MATERIAL SUPPLIED »
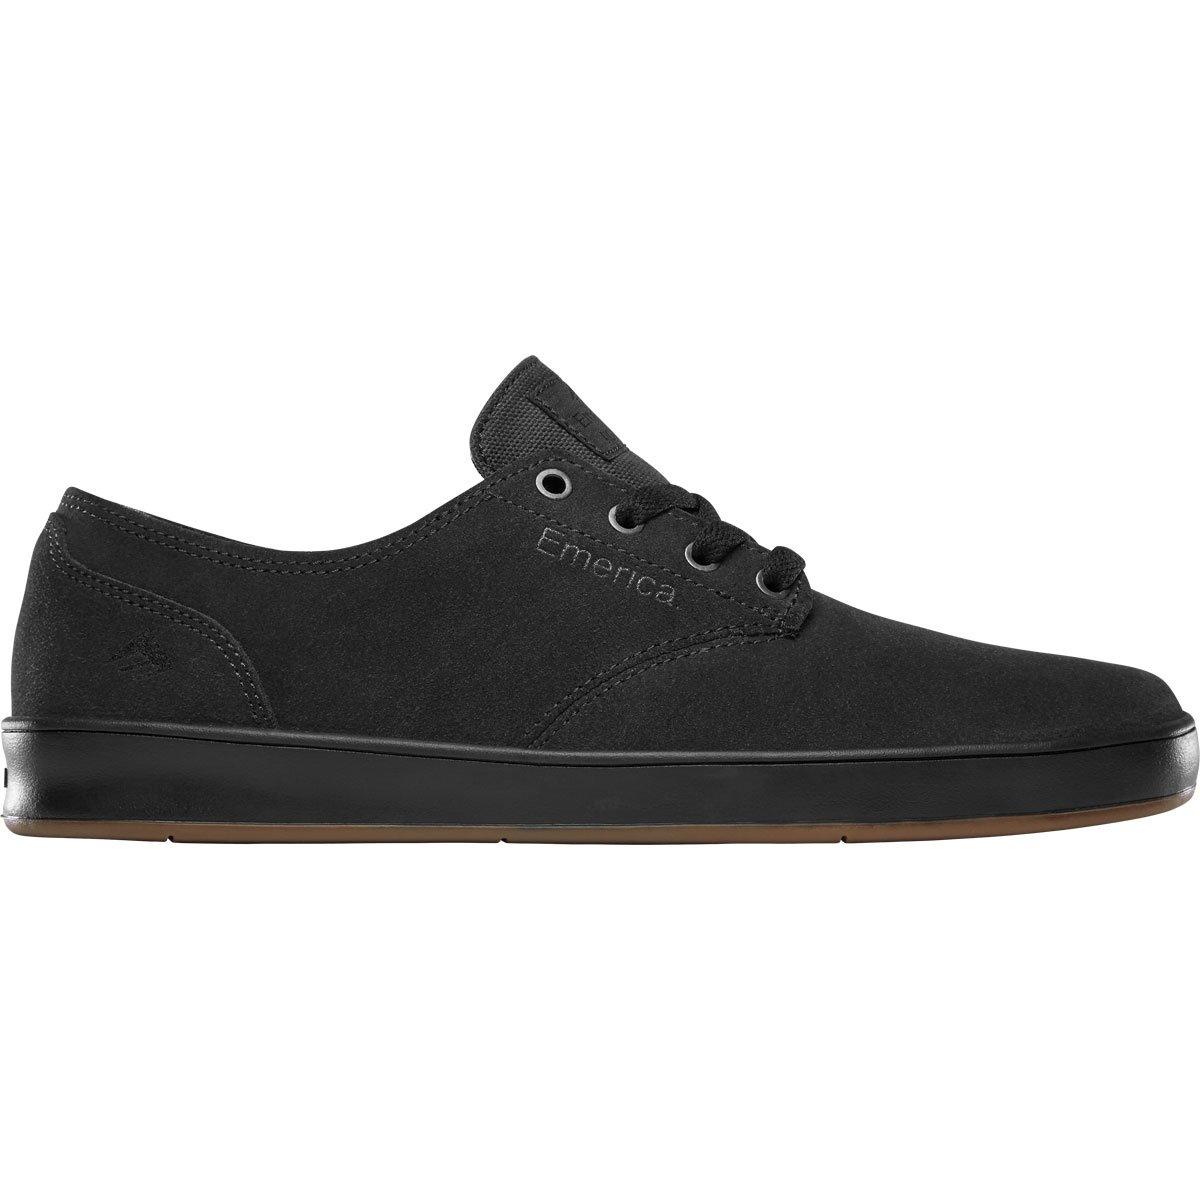 Emerica Men\'s The Romero Laced Skate Shoe Dark Grey/Black/Gum
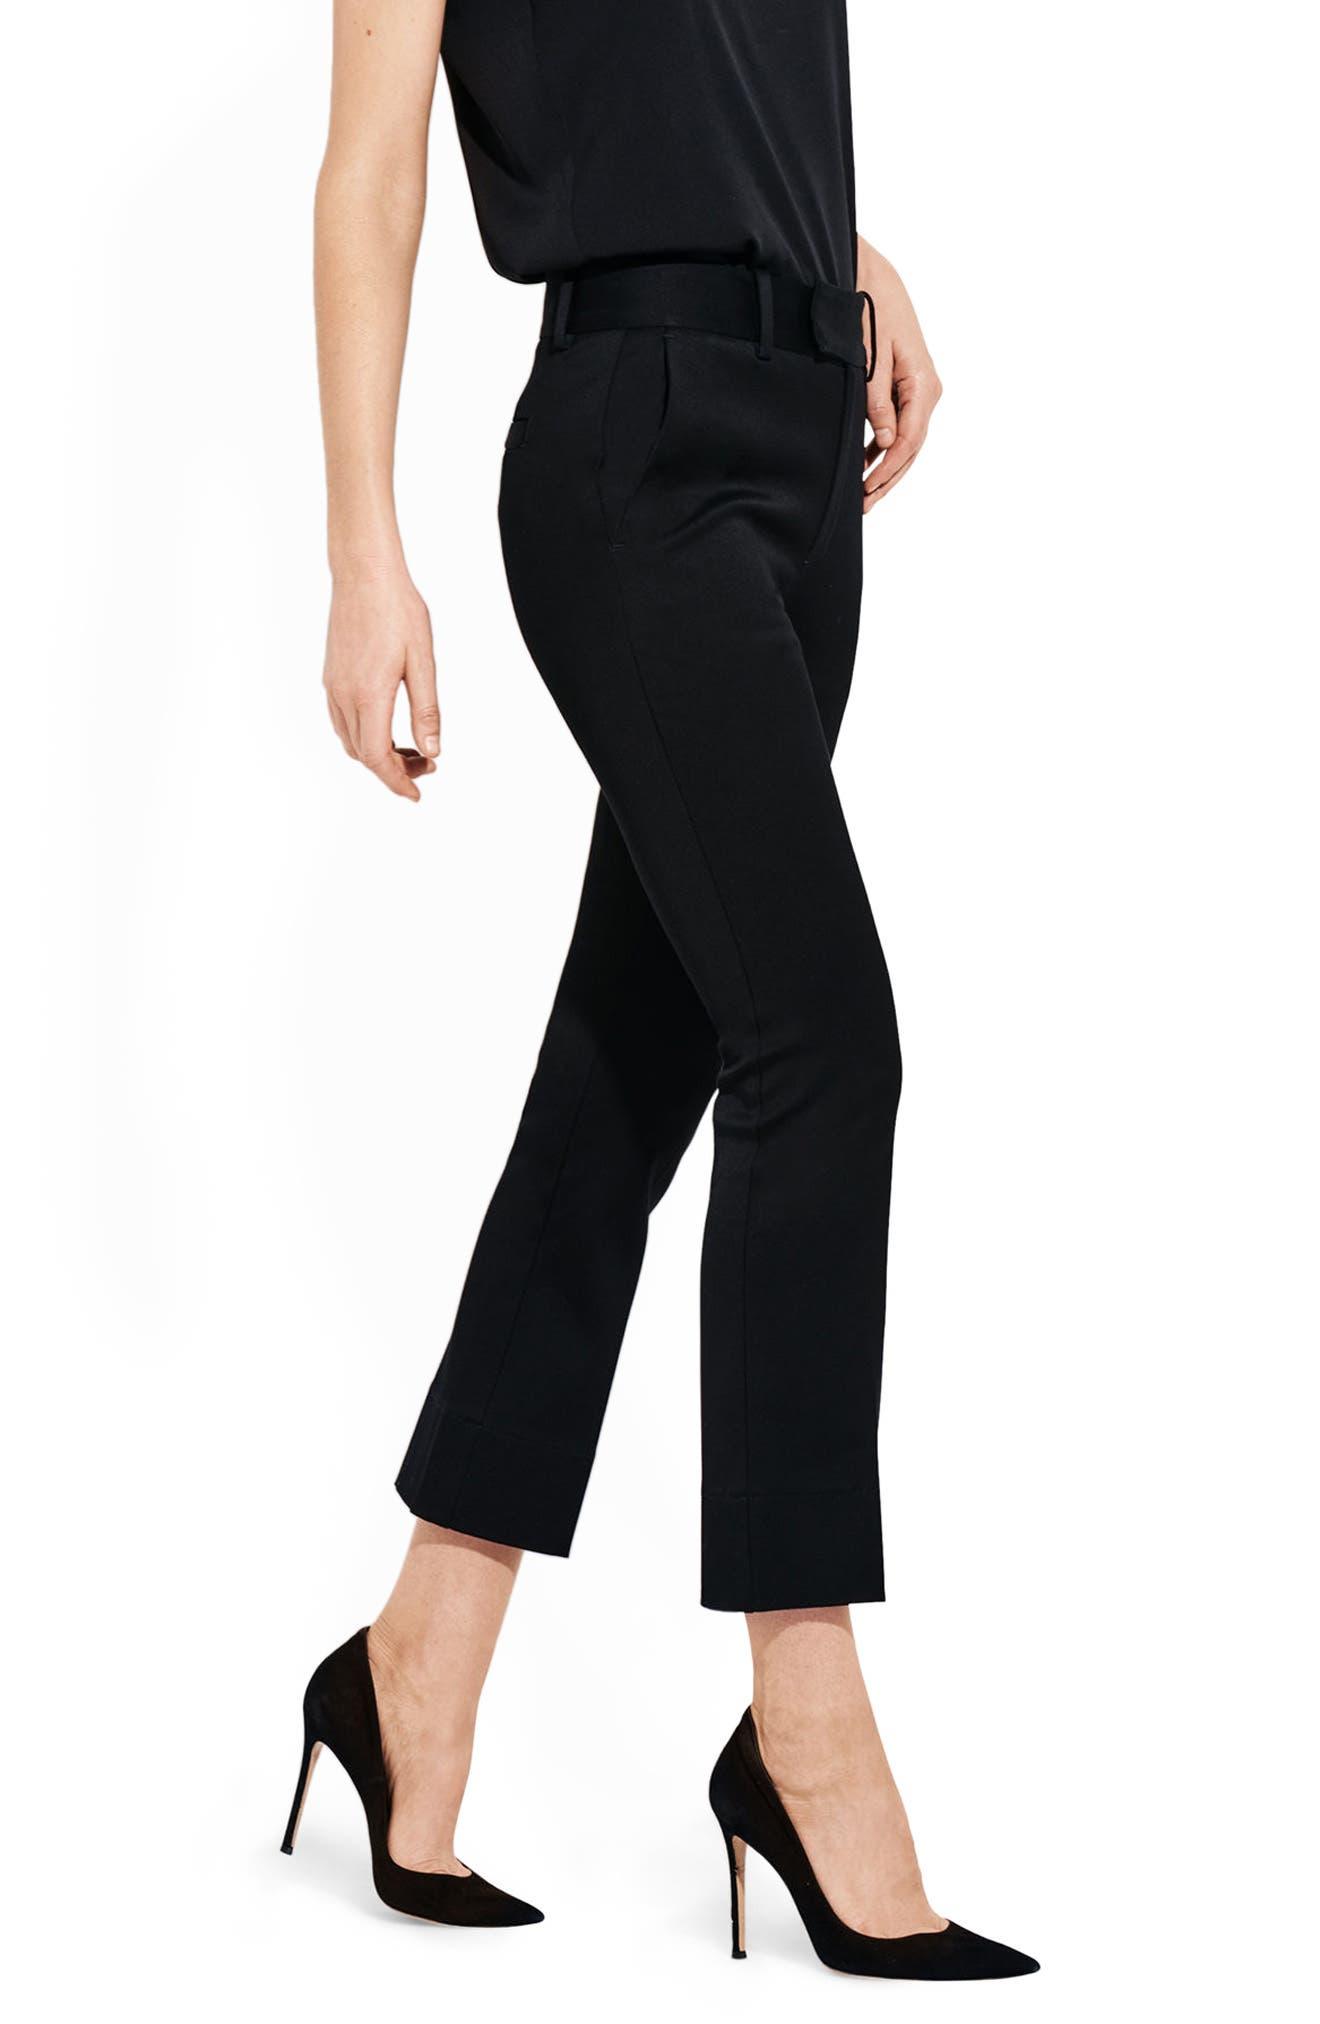 Main Image - AYR The Vault High Waist Ankle Bootcut Jeans
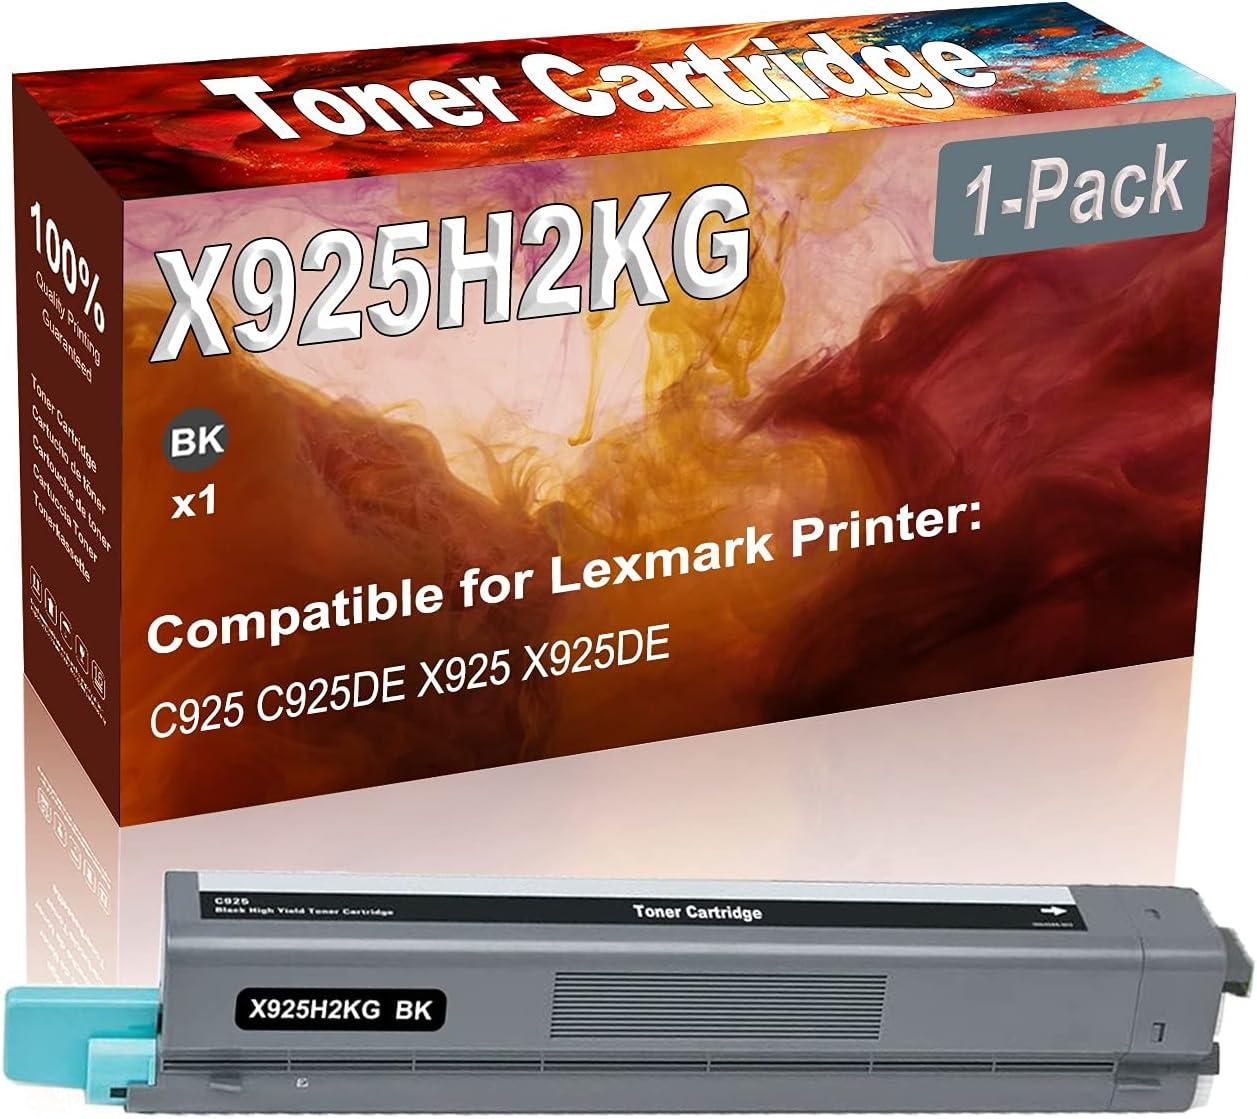 1-Pack (Black) Compatible C925 C925DE X925 X925DE Laser Toner Cartridge (High Capacity) Replacement for Lexmark X925H2KG Printer Toner Cartridge
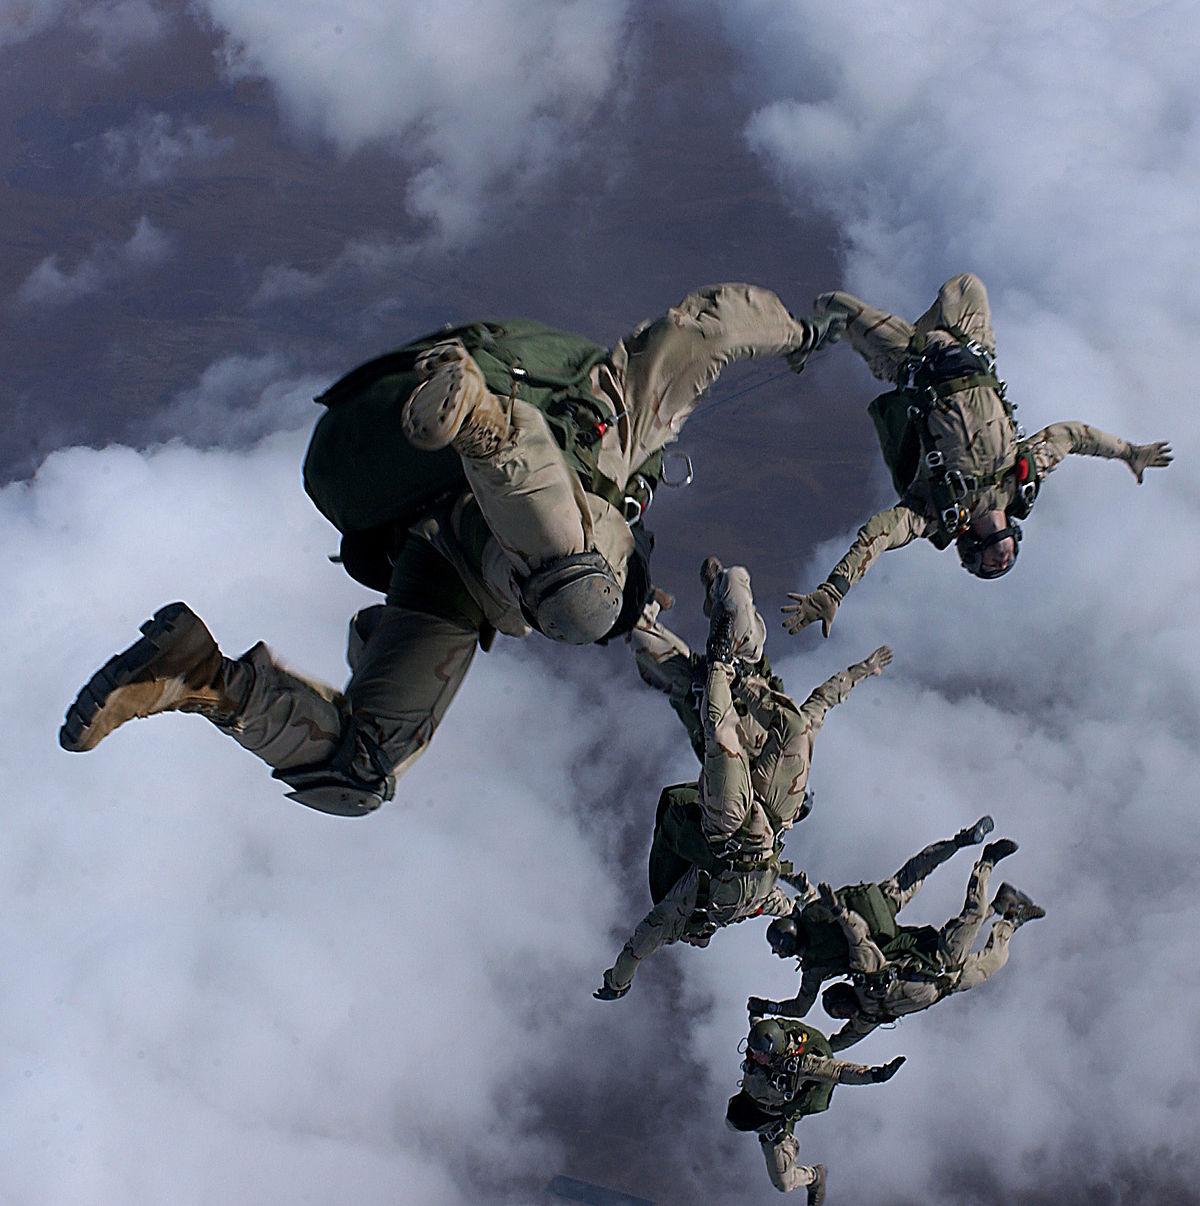 High Altitude Military Parachuting Wikipedia
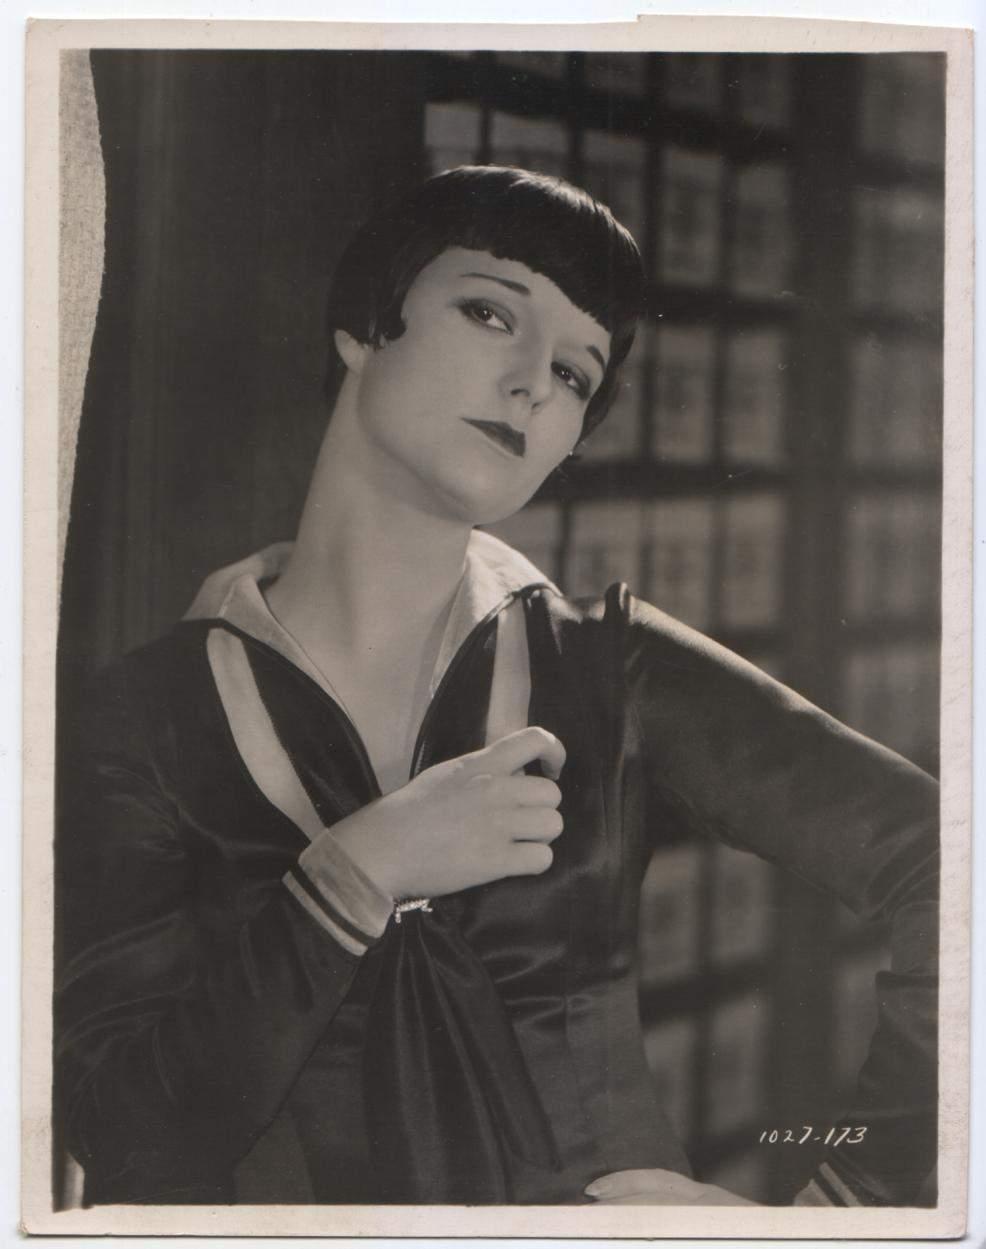 1926 Love 'Em and Leave 'Em - 1027-23
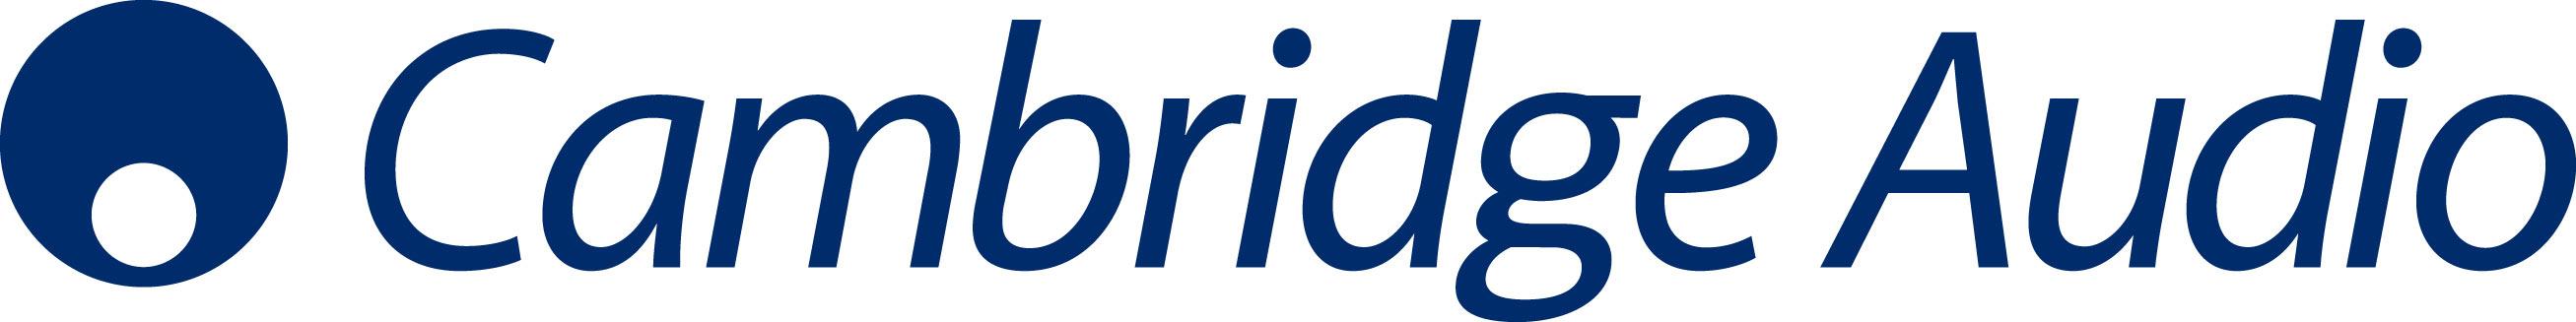 cambridge-audio-logo.jpg

EXERCISE PROMPT » Could you transcribe the material above exactly, keeping every picture out?

RESPONSE TO THE EXERCISE »
 Emerica Men\'s The Romero Laced Skate Shoe Dark Grey/Black/Gum
 Main Image - AYR The Vault High Waist Ankle Bootcut Jeans
 1-Pack (Black) Compatible C925 C925DE X925 X925DE Laser Toner Cartridge (High Capacity) Replacement for Lexmark X925H2KG Printer Toner Cartridge
 High Altitude Military Parachuting Wikipedia
 1926 Love 'Em and Leave 'Em - 1027-23
 cambridge-audio-logo.jpg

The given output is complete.